▸ **Task directions**:
A faithful transcript of all the lines below, with no pictures, is the goal here.

[[ Collected material, beginning ]]

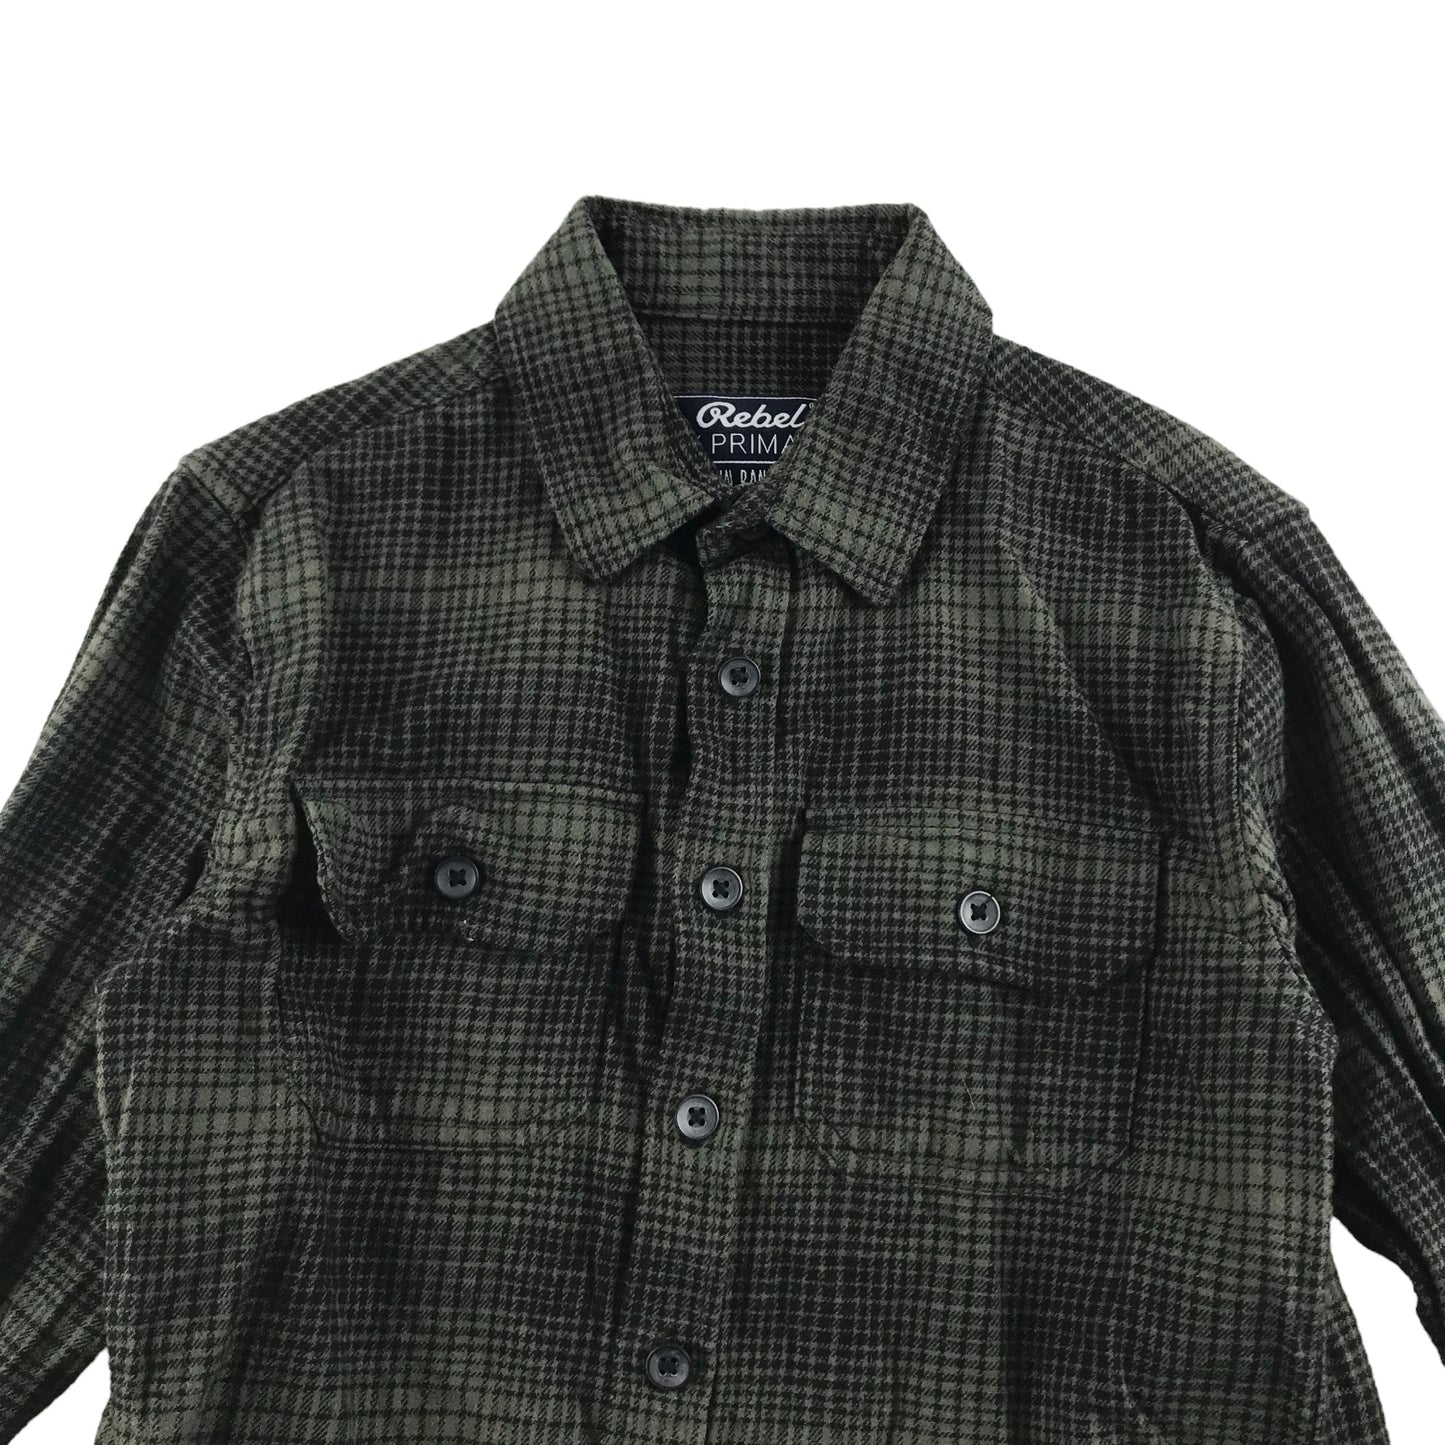 Primark Shirt Age 7 Khaki Green Check Pattern Button Up Cotton
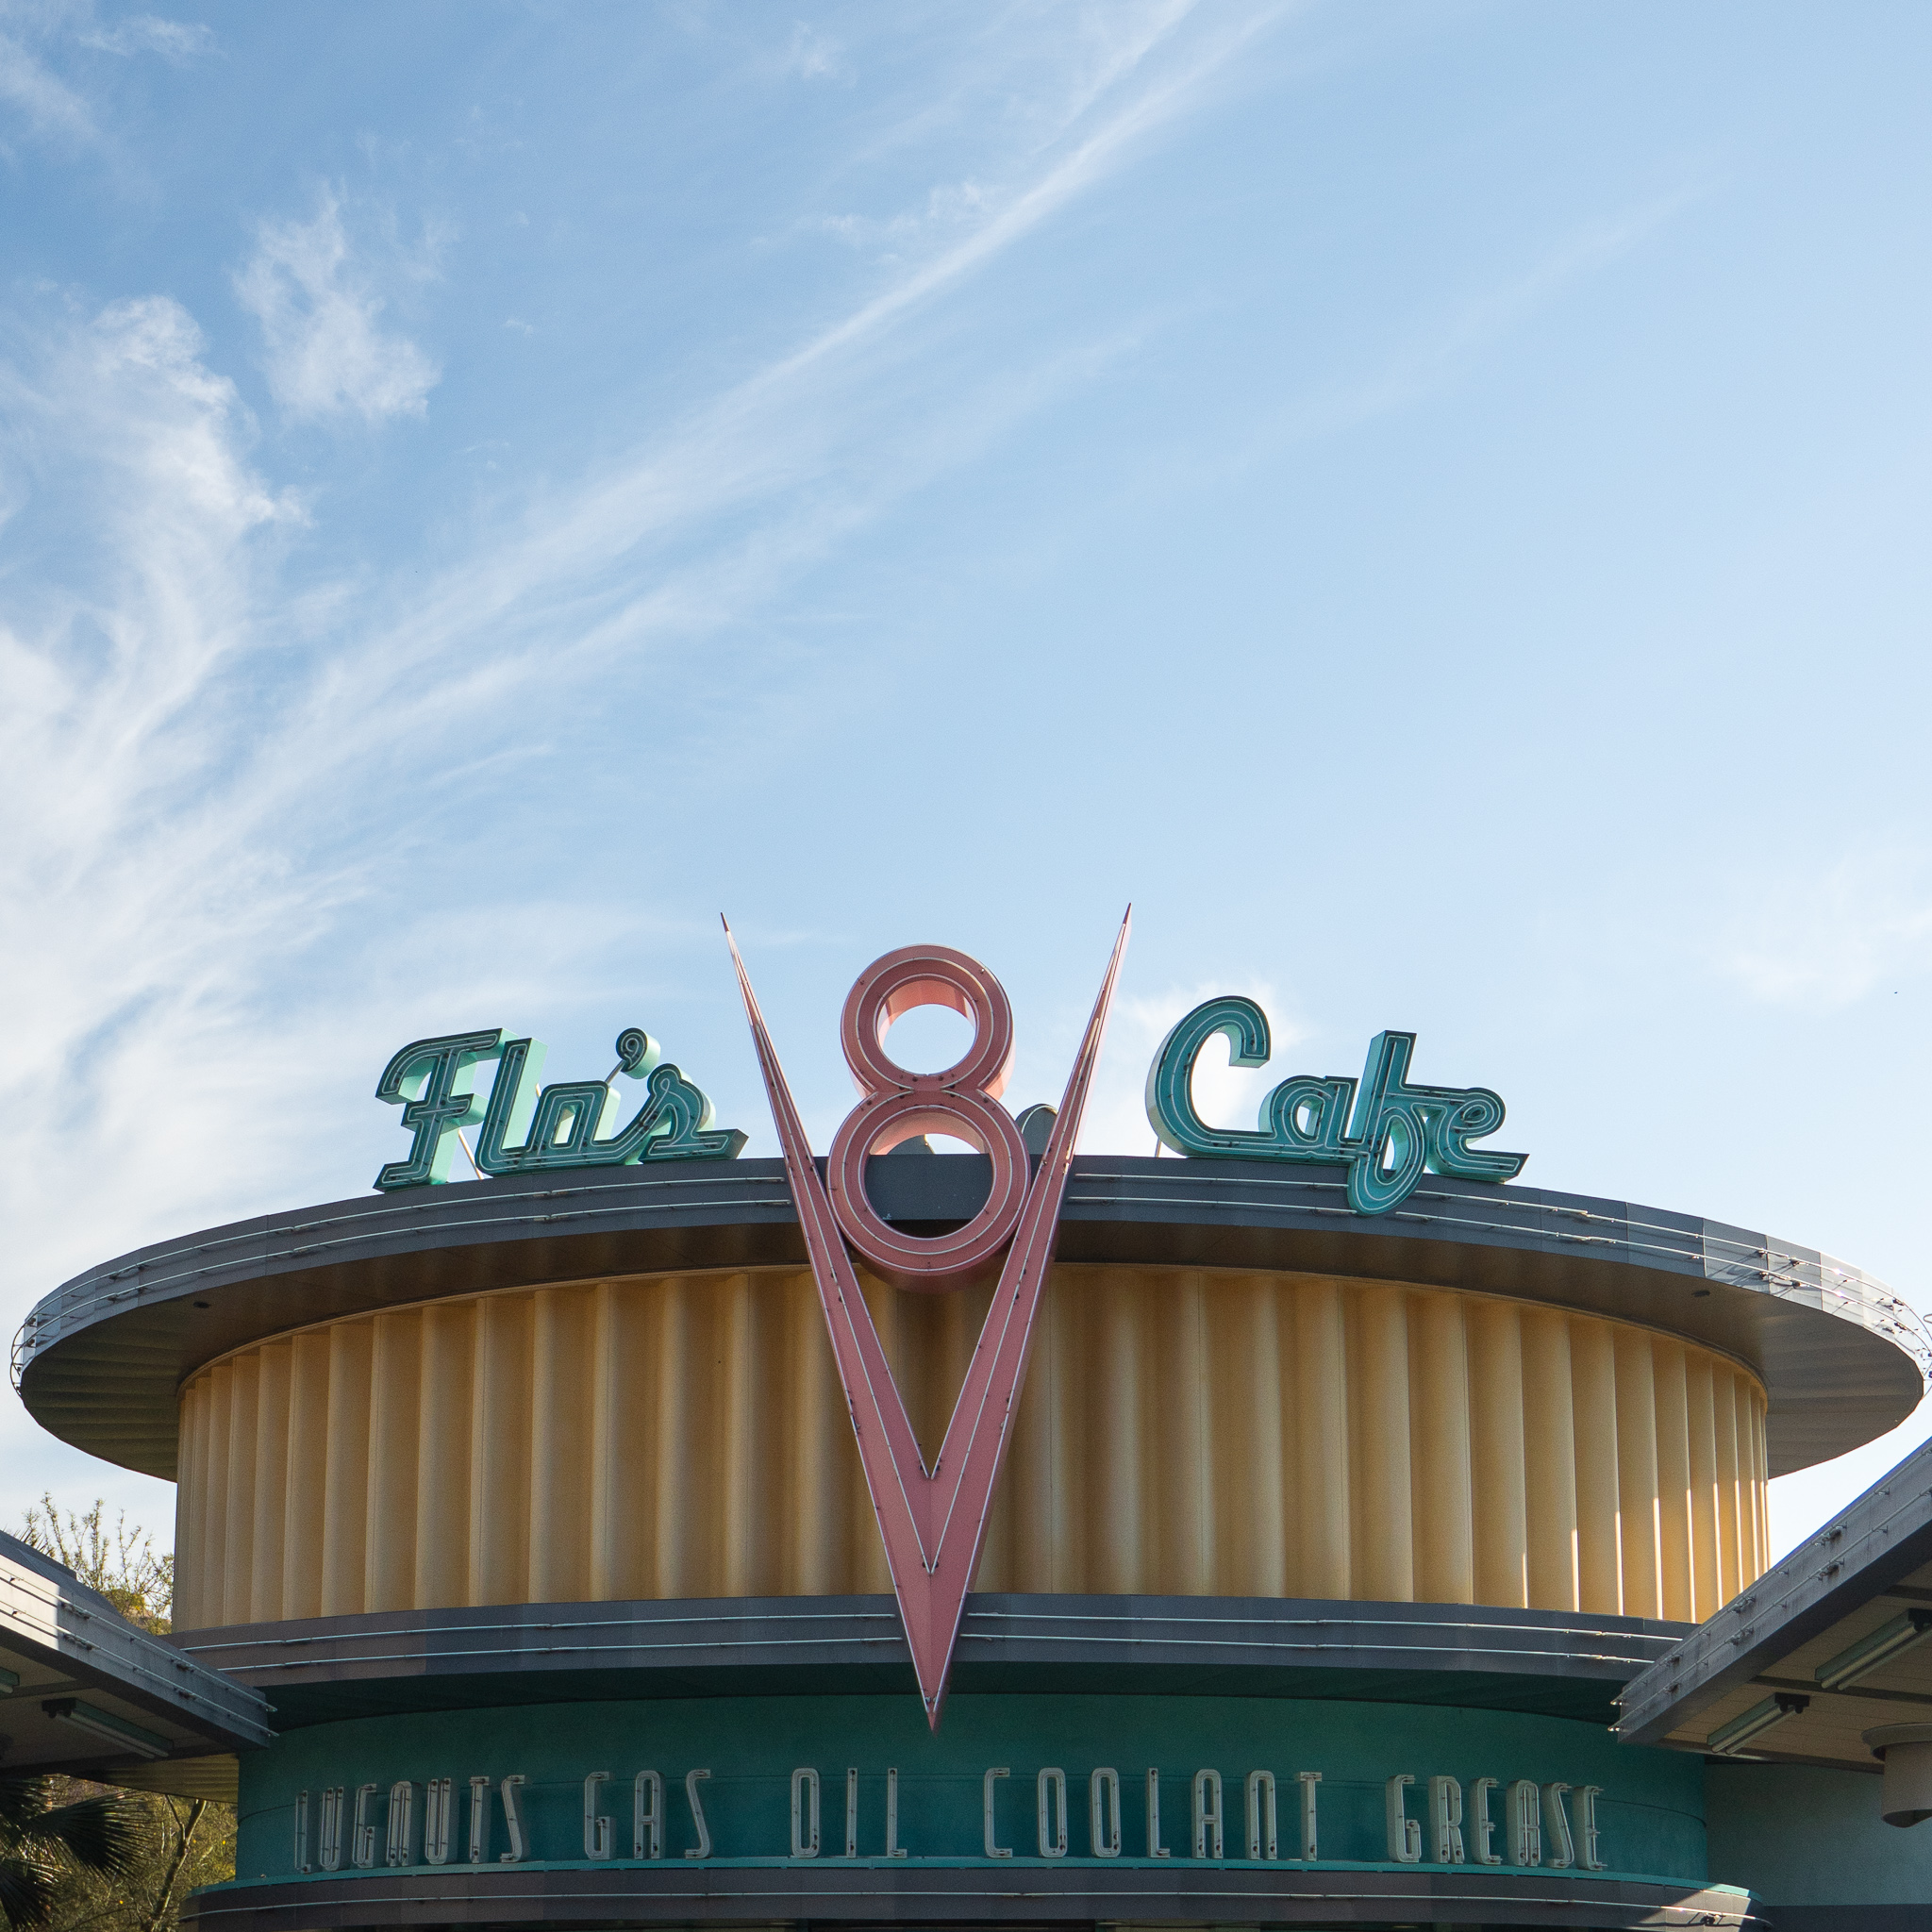 Flo's Cafe at Carsland in Disney California Adventure
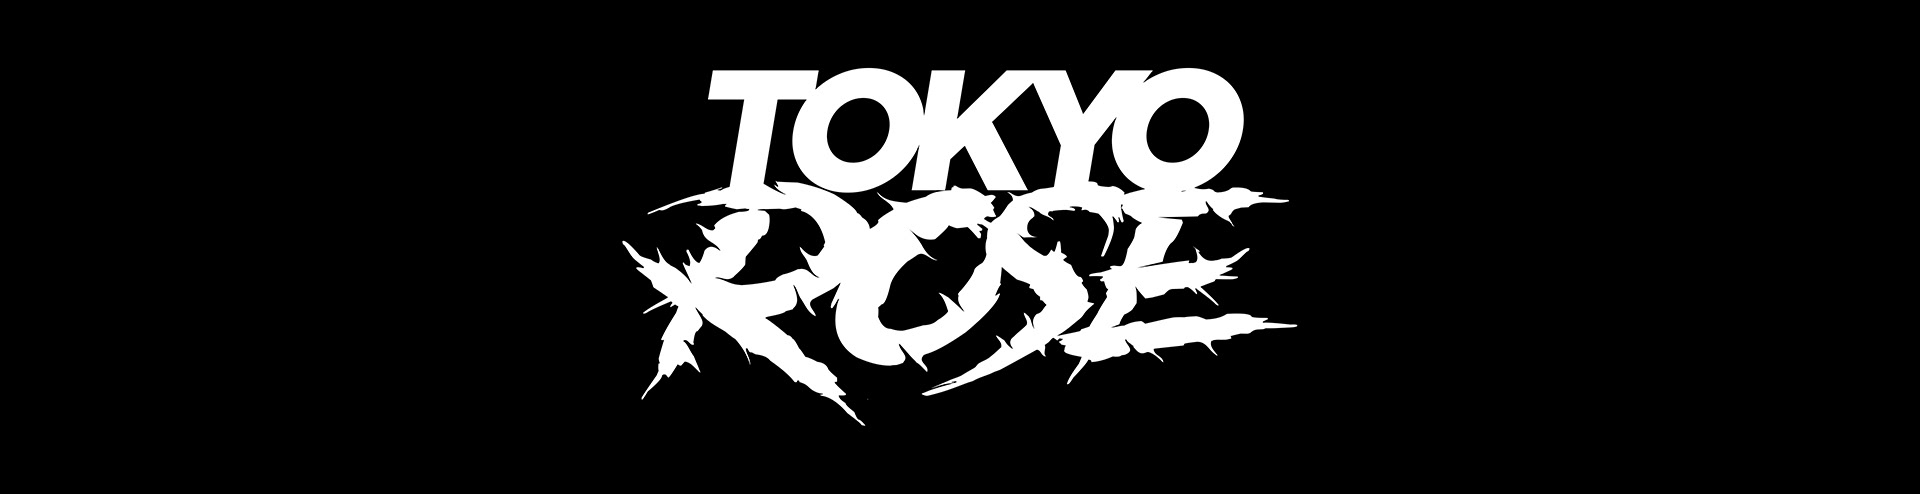 CLIP TOKYO ROSE on Behance5cac7992230149.5e45a8b437948.jpg
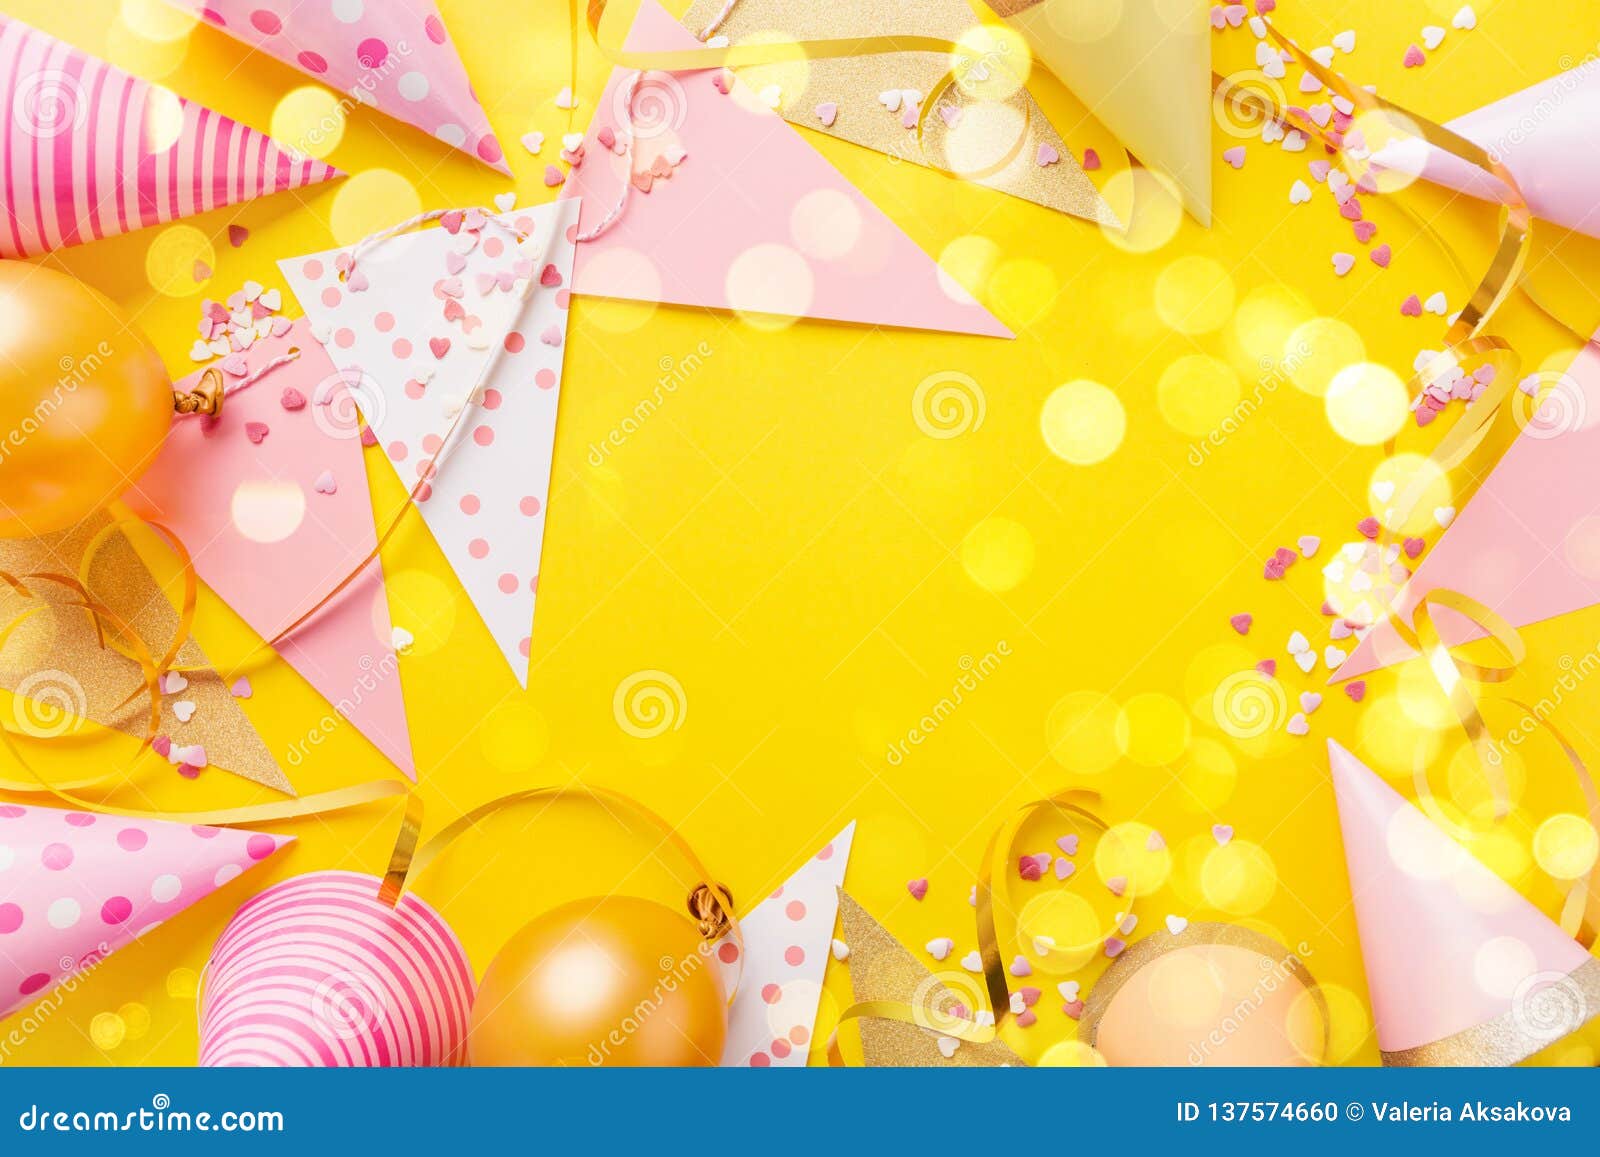 Birthday Party Background on Yellow Stock Photo - Image of background,  border: 137574660

[[ Collected material, end ]]

▸ **Answer area**:
 Primark Shirt Age 7 Khaki Green Check Pattern Button Up Cotton
 Flo's Cafe at Carsland in Disney California Adventure
 CLIP TOKYO ROSE on Behance5cac7992230149.5e45a8b437948.jpg
 Birthday Party Background on Yellow Stock Photo - Image of background,  border: 137574660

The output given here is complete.